Tuttavia, prima di gridare al lupo, è necessario che venga fatta una diagnosi estremamente attenta da un esperto: curare un bambino sano come se soffrisse di Adhd può infatti produrre danni gravissimi al suo sviluppo. Per questo è assolutamente messa al bando la diagnosi “fatta in casa” ed è imprescindibile cercare più di una conferma da medici qualificati, che, oltre all’osservazione diretta dei comportamenti del bimbo, lo  sottoporranno a prove e valutazioni neurologiche specifiche.

Una volta accertata la natura del disturbo, si procede con la terapia, che viene personalizzata sul singolo caso, ma che deve comunque essere “multimodale”, osssia basata su un approccio combinato di interventi medici e psicoeducativi, portati avanti sia sul bambino che sui genitori. Questi ultimi infatti coprono un ruolo fondamentale e, per poter aiutare il figio, vanno “educati” ad affrontare la malattia, a conoscerla e imparare le regole da seguire per sconfiggerla. Creare un ambiente semplice e ordinato, seguire ritmi di vita regolari, rivolgersi al bambino con frasi brevi e chiare, essere con lui risoluti e decisi, ricompensarlo quando si comporta bene o, viceversa, punirlo: sono tutti atteggiamenti che possono fare molto nelle situazioni meno compromesse. Inoltre, perché le cure abbiano successo, è importante coinvolgere gli insegnanti, affinché siano in grado di comprendere le difficoltà dei ragazzi e divenire, insieme a genitori e specialisti, un’unica squadra.
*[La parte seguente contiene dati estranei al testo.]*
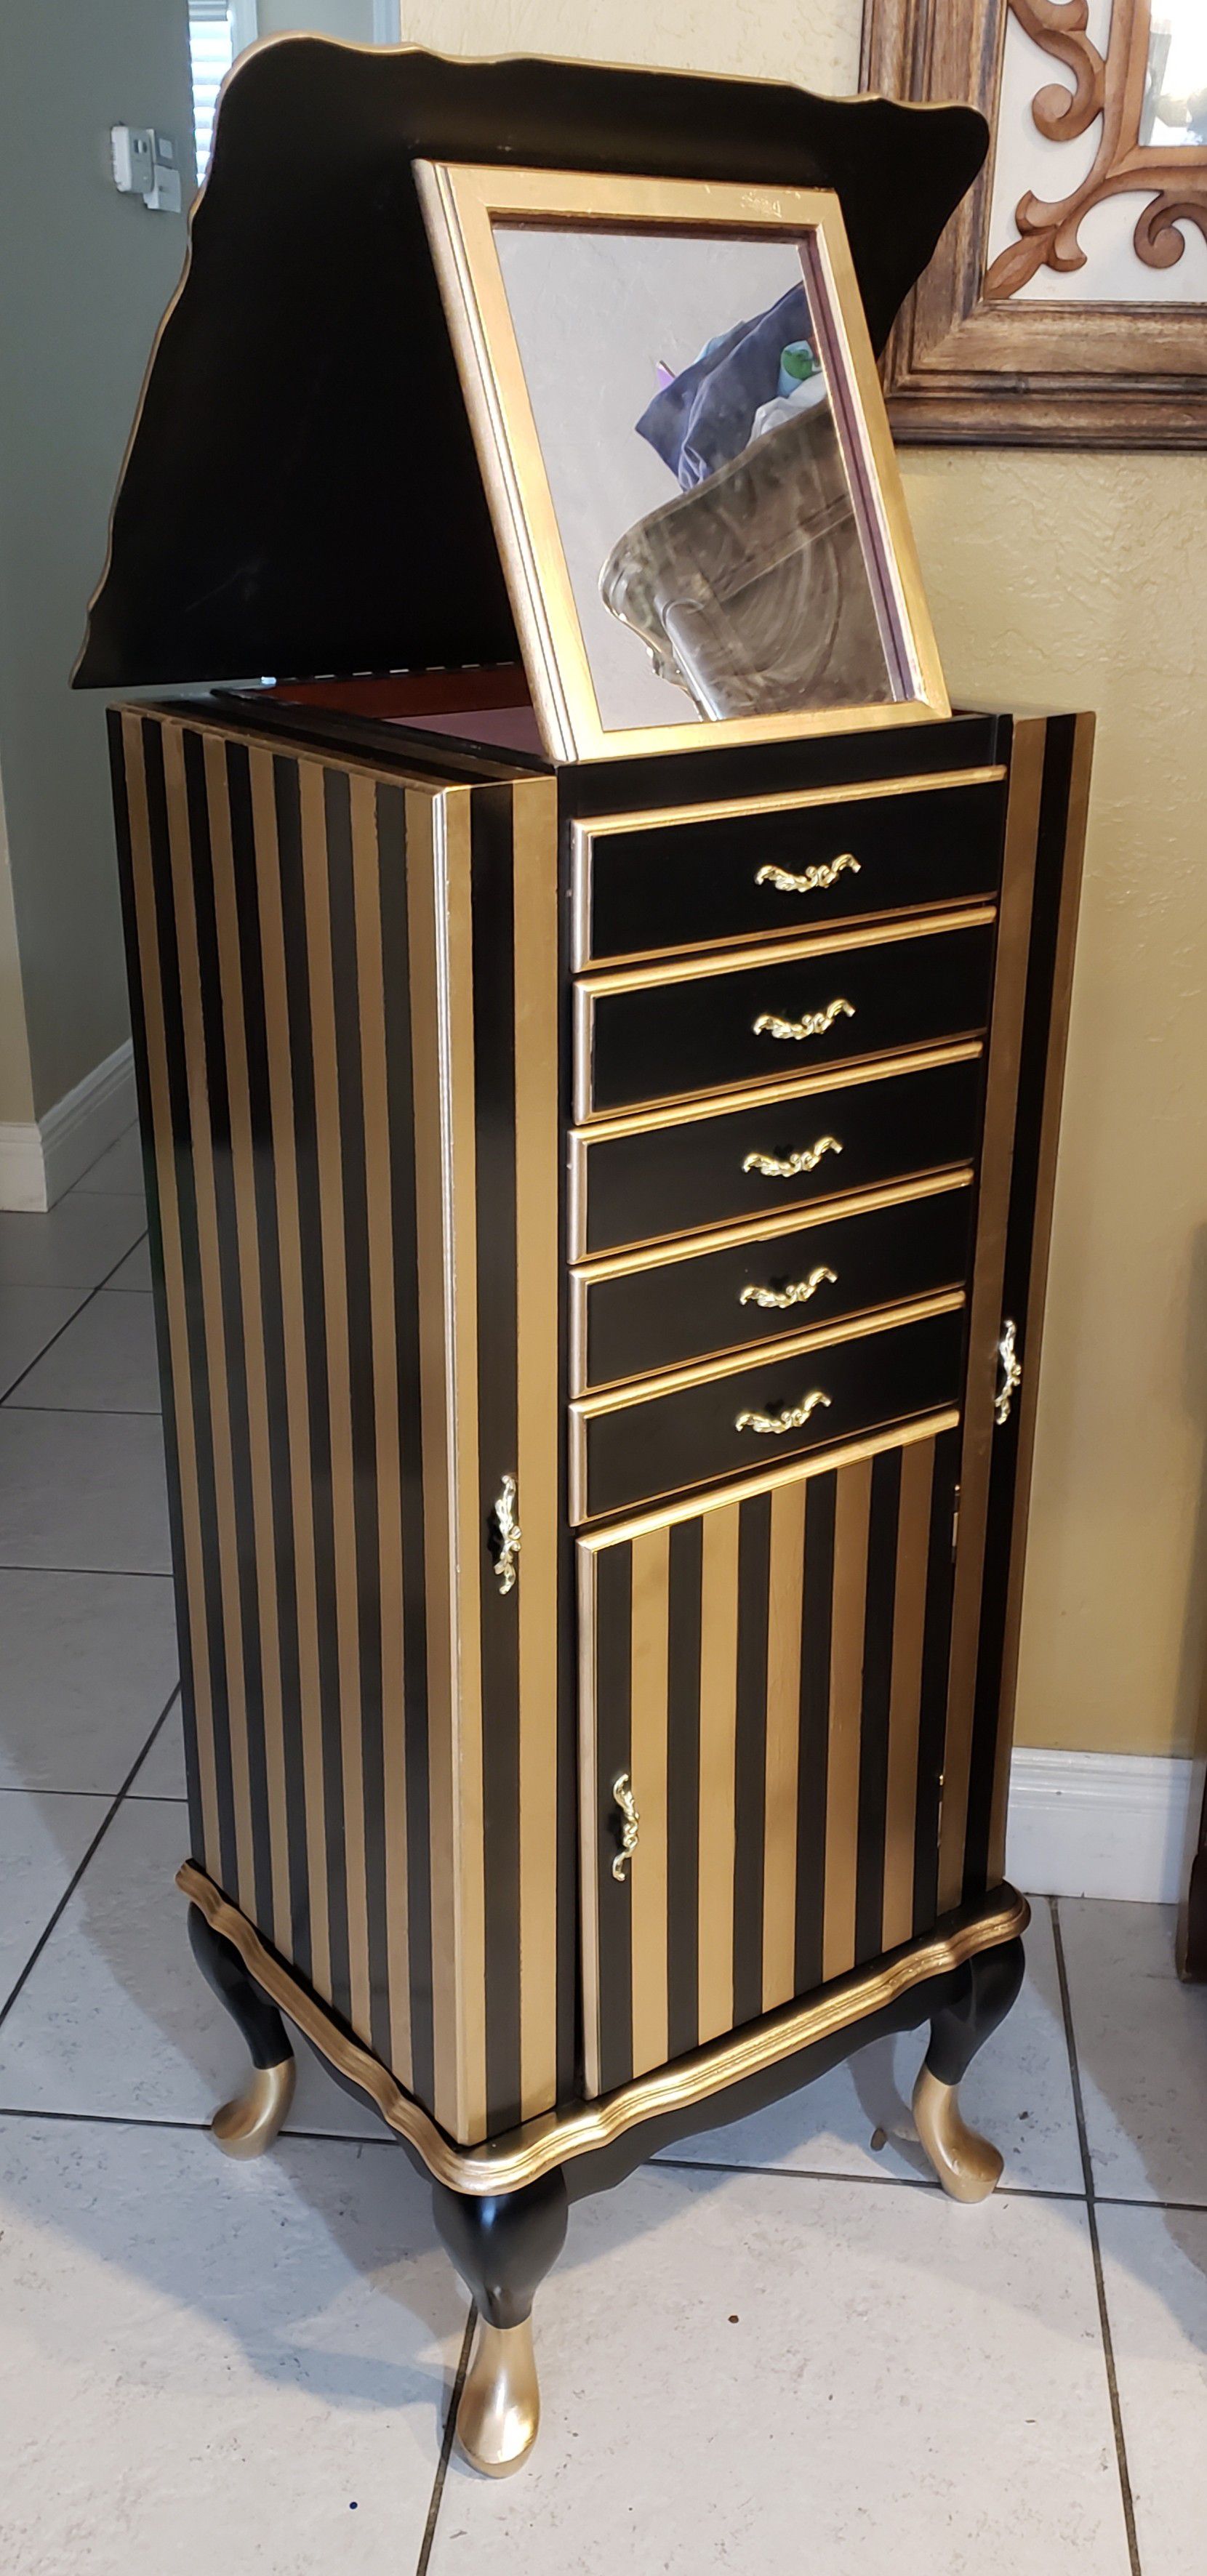 This Black and Gold beauty, Jewerly armoire!

Quando però il disturbo è più serio, i trattamenti educativi, comportamentali e psicologici da soli non bastano più. In un terzo dei casi, infatti, (sebbene molti siano contrari) bisogna associare una terapia farmacologica a base di psicostimolanti, finalizzata a correggere le disfunzioni cerebrali che si celano dietro la malattia. In Italia queste cure, che devono sempre essere prescritte da un neuropsichiatra, possono essere eseguite soltanto nei centri regionali di riferimento e, sebbene nella maggior parte dei soggetti riducano drasticamente l’iperattività, migliorando la capacità di concentrazione e di coordinamento corporeo, non sono in grado di dare ai piccoli pazienti gli strumenti necessari per riacquisire stabilmente le proprie abilità sociali. Per questo il trattamento combinato risulta senz’altro il percorso migliore da seguire.

L’Adhd è una malattia “invisibile”, impariamo a vederla e, soprattutto, a riconoscerla.